Boland’s books of poetry include Domestic Violence (2007), Against Love Poetry (2001), The Lost Land (1998), An Origin Like Water: Collected Poems 1967–1987 (1996), In a Time of Violence (1994), Outside History: Selected Poems 1980–1990 (1990), The Journey and Other Poems (1986), Night Feed (1982), and In Her Own Image (1980). In addition to her books of poetry, Boland is also the author of Object Lessons: The Life of the Woman and the Poet in Our Time (1995), a volume of prose, and is the co-editor of The Making of a Poem: A Norton Anthology of Poetic Forms (2000). Her most recent prose book is A Journey with Two Maps: Becoming a Woman Poet (2011). A new volume of poetry, A Woman Without a Country, is due to be published by W. W. Norton in November 2014.

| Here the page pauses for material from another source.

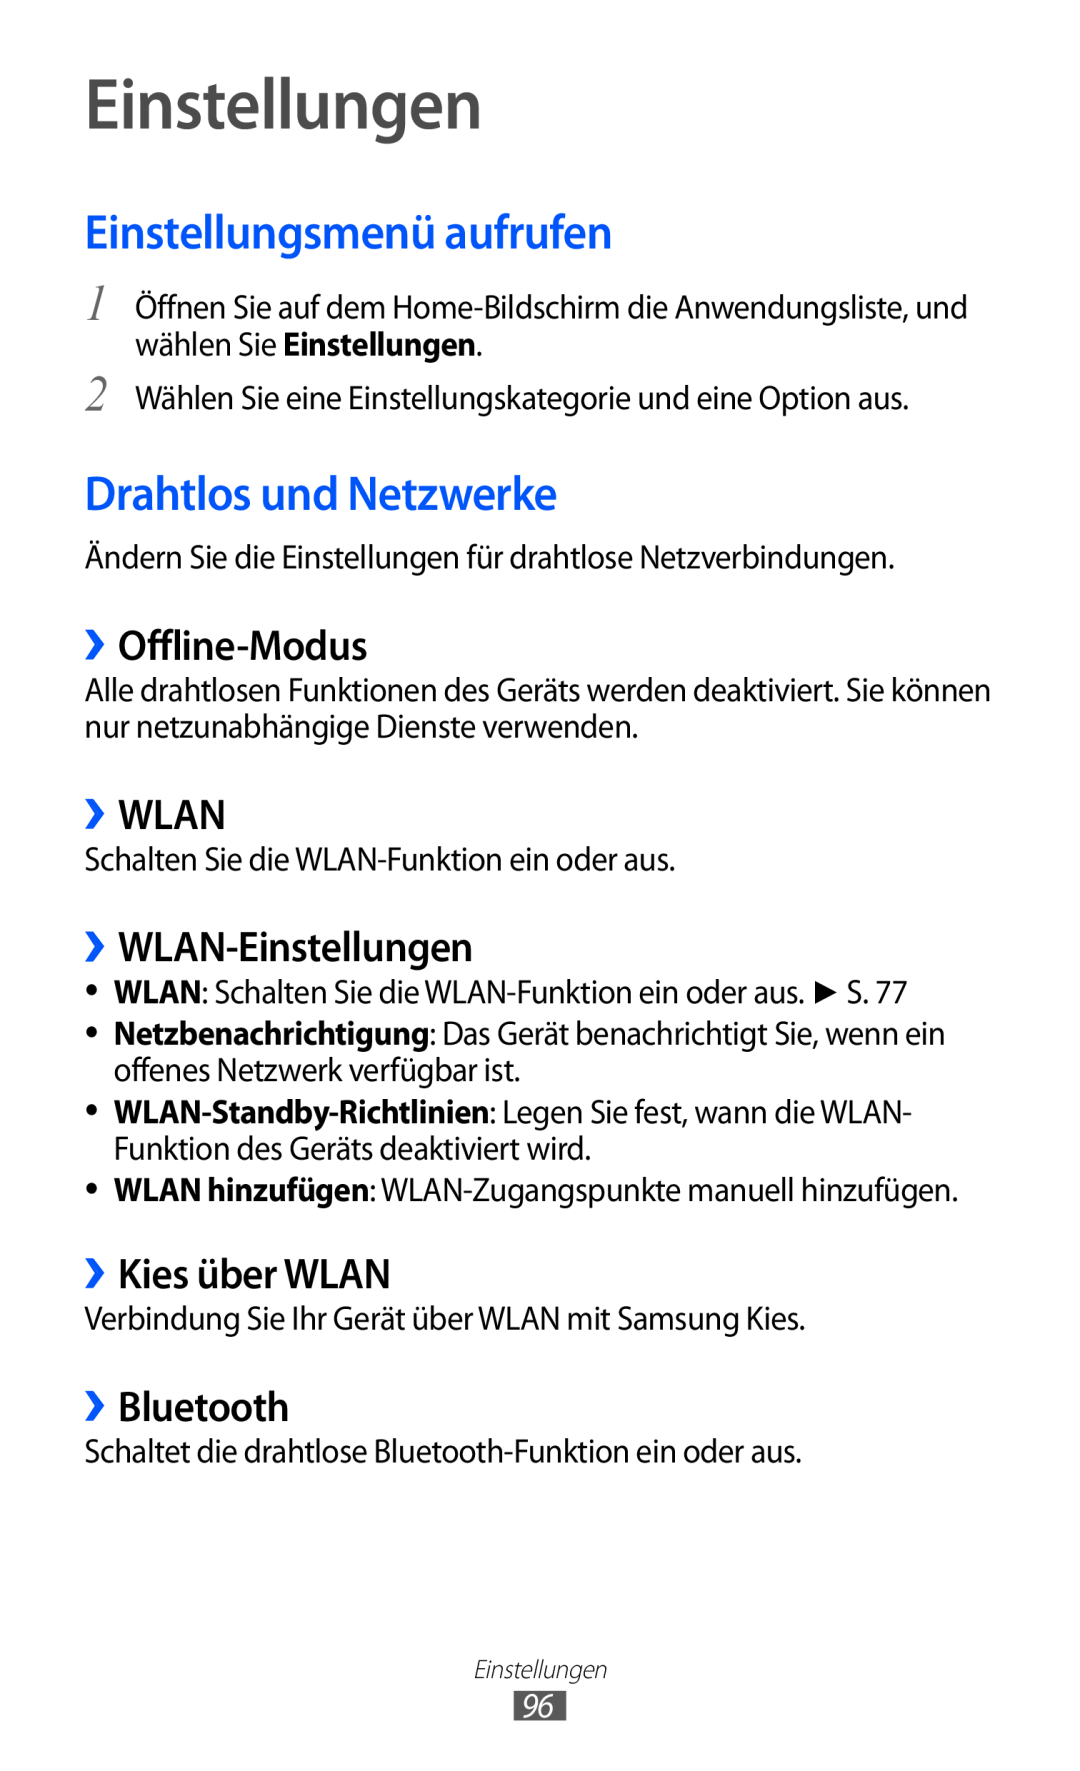 Samsung GT-P7501UWEDBT manual Einstellungen, Einstellungsmenü aufrufen, Drahtlos und Netzwerke, ››Offline-Modus, ››Wlan

Boland has received the Lannan Award for Poetry and an American Ireland Fund Literary Award. She was poet-in-residence at the National Maternity Hospital during its 1994 Centenary and has also been the Hurst Professor at Washington University and Regent’s Lecturer at the University of California at Santa Barbara. She is a tenured Professor of English at Stanford University where she is the Director of the Creative Writing Program.

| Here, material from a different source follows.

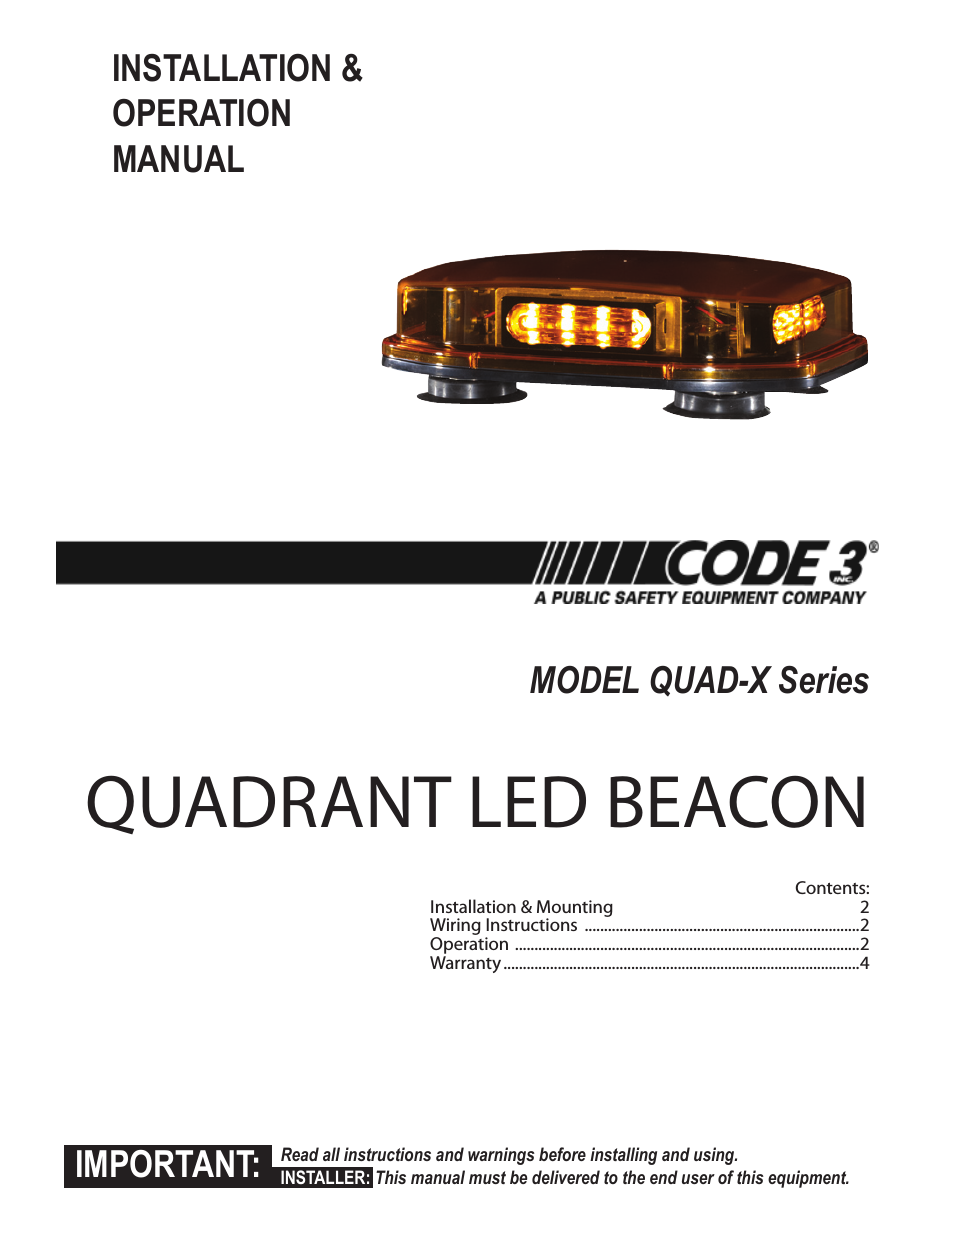 Quadrant LED Mini Bar

Kevin Young is an American poet, essayist and editor. He is a graduate of Harvard University, where he obtained an A.B. in English and American Literature, and Brown University, where he obtained his MFA. Young’s poetry and essays have appeared in The New Yorker, The Paris Review, The Kenyon Review, Callaloo, and many other journals and anthologies. He is also a Guggenheim Foundation Fellow, a NEA Literature Fellow in Poetry, a United States Artists James Baldwin Fellow, and was a Stegner Fellow in Poetry at Stanford University.
Young is the author of eight books of poetry and editor of seven other collections, including Ardency: A Chronicle of the Amistad Rebels (2011), winner of an American Book Award, and Jelly Roll (2003), a finalist for the National Book Award and winner of the Paterson Poetry Prize. He most recently edited The Collected Poems of Lucille Clifton 1965-2010 and The Hungry Ear: Poems of Food and Drink. His non-fiction book, The Grey Album: Music, Shadows, Lies (2012) won the Graywolf Nonfiction Prize. Young’s other poetry collections include Books of Hours (2014), Dear Darkness (2008), and For The Confederate Dead (2007).
In addition to the Paterson Poetry Prize, Young has been the recipient of the PEN Open Award and the 2012 American Book Award. Young is currently the Atticus Haygood Professor of Creative Writing and English and curator of Literary Collections and the Raymond Danowski Poetry Library at Emory University in Atlanta.